Brody published her first young adult novel, The Karma Club, in April 2010. She is known for her Unremembered and Disney Descendants: School of Secrets series of young adult fiction novels. The genesis of the Unremembered trilogy started with a news article about a teenage girl who was the sole survivor of a plane crash, which inspired Brody to speculate reasons why she was the only survivor.

Brody sold the publishing rights for her first middle-grade novel, Addie Montgomery's Shortcut to Growing Up, to Delacorte Press in 2015. The novel was eventually retitled Addie Bell's Shortcut to Growing Up when it was published in 2017.

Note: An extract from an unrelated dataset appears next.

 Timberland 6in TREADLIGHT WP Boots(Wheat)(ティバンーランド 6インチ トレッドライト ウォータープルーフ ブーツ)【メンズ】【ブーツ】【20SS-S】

Brody and fellow author Joanne Rendell developed the System Divine series, the first book of which, The Sky Without Stars, was published in March 2019. The publishing rights for the series were sold to Simon & Schuster in a six-figure deal in 2017.

Jennifer Hunter

The Unremembered trilogy

Short works in the Unremembered universe

"Unstolen" in

Disney Descendants: School of Secrets series

System Divine trilogy (with Joanne Rendell)

Standalone fiction

Nonfiction
"End of the World" in

Film adaptations
Film rights to Brody's book Unremembered have been acquired by Reliance Entertainment and Kintop Pictures. The Fidelity Files and 52 Reasons to Hate My Father have also been optioned for films. 52 Reasons is also being developed by Reliance and Kintop; and a screenplay has been written by Karen McCullah.

Writing Instruction

Brody offers writing instruction and advice on a variety of platforms, including YouTube and Udemy.  She founded Writing Mastery Academy, an online, subscription-based writing instruction platform offering video classes, webinars, and a community site.

References

American writers of young adult literature
American women novelists
Women writers of young adult literature
21st-century American novelists
21st-century American women writers
Living people
Smith College alumni
Year of birth missing (living people)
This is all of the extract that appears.